16 “Must Haves” Before You Hit The Trail

If you are planning to get out and drive on the dirt/snow/mud, especially in more remote areas where cell reception is poor and the terrain is not tow truck friendly, then carrying the right gear and equipment is of utmost importance. Perhaps you’ve been out on the trail a few or more times already, and you’ve never had to carry some of your own equipment because someone else in the group was already carrying shareable equipment. Perhaps you’ve been very lucky, and you’ve never been stuck in any dire situation requiring use of various items. The fact is, running on luck or remaining totally dependent on others, is eventually going to get you into trouble.

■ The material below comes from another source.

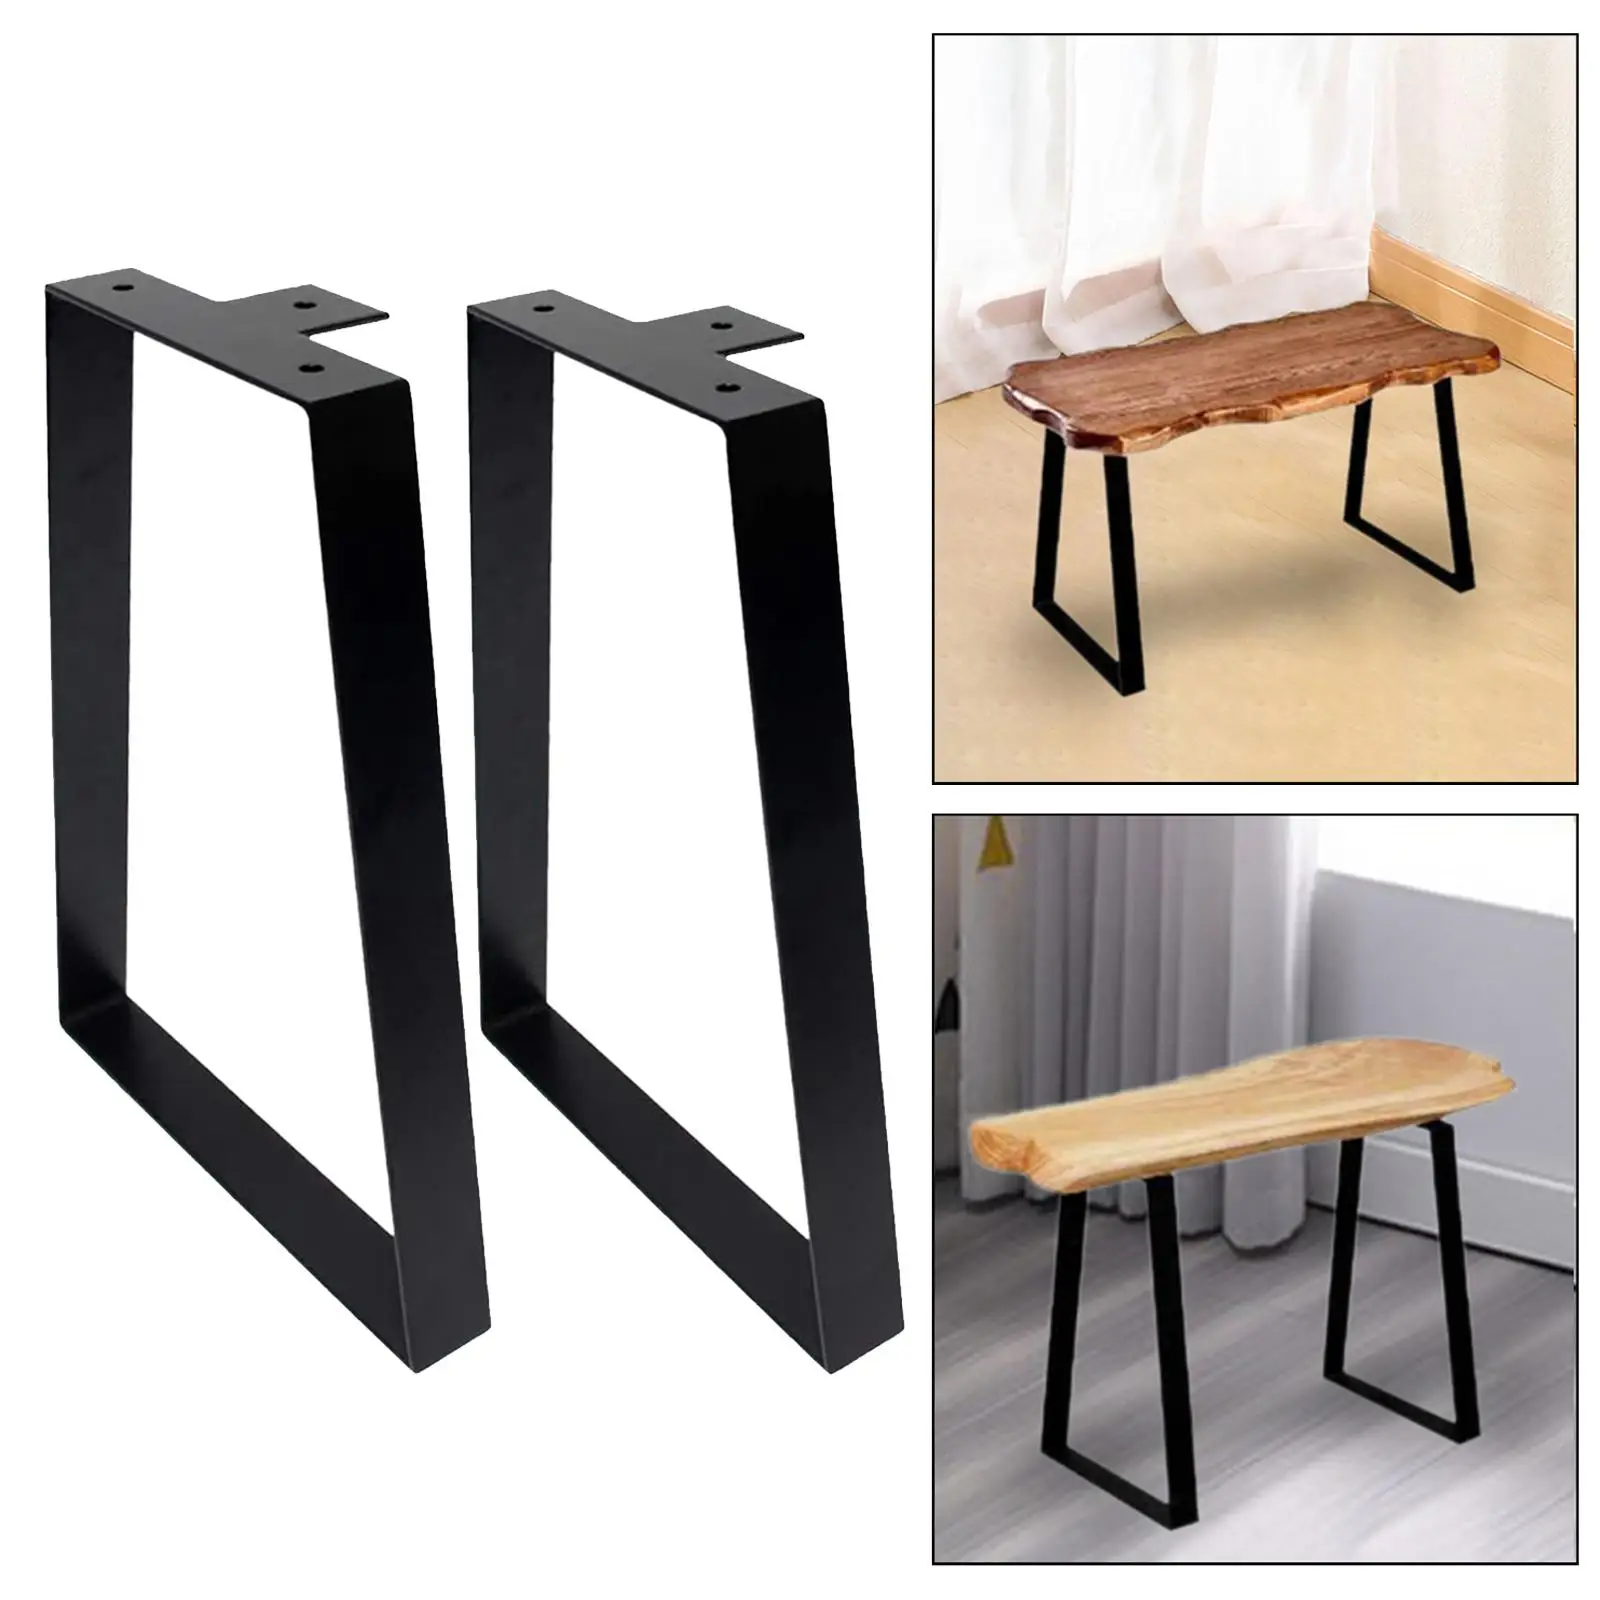 2x Trapezoid Table Legs Iron Desk Legs Furniture Legs Rustic Replacement Bench Legs for Coffee Tables Office Night Stands

Before your luck runs out, let’s go over a list of “16 Must-Have Things,” listed in no particular order.

1. Matching-sized spare tire
No matter what tire type you happen to be running (ig All Terrain, Mud Terrain, All Season, etc.),  you absolutely must carry a spare wheel that fits your vehicle, with mounted tire that is the same diameter as the other 4 tires on your vehicle.

2. Tire plug/patch kit
Punctures, cuts, and gashes…are a matter of “when” rather than “if” they will occur. Be ready for this. Pick up a combo kit that includes the super-gooey orange plugs, with reamer and insertion tools that have larger T handles for grip and leverage. We’ve used this one with great results.

The tire on William’s Tundra had a sidewall puncture while we were out at Johnson Valley. After we removed the wheel/tire and plugged the puncture using three (3) orange plugs, William was able to make it all the way back home safely.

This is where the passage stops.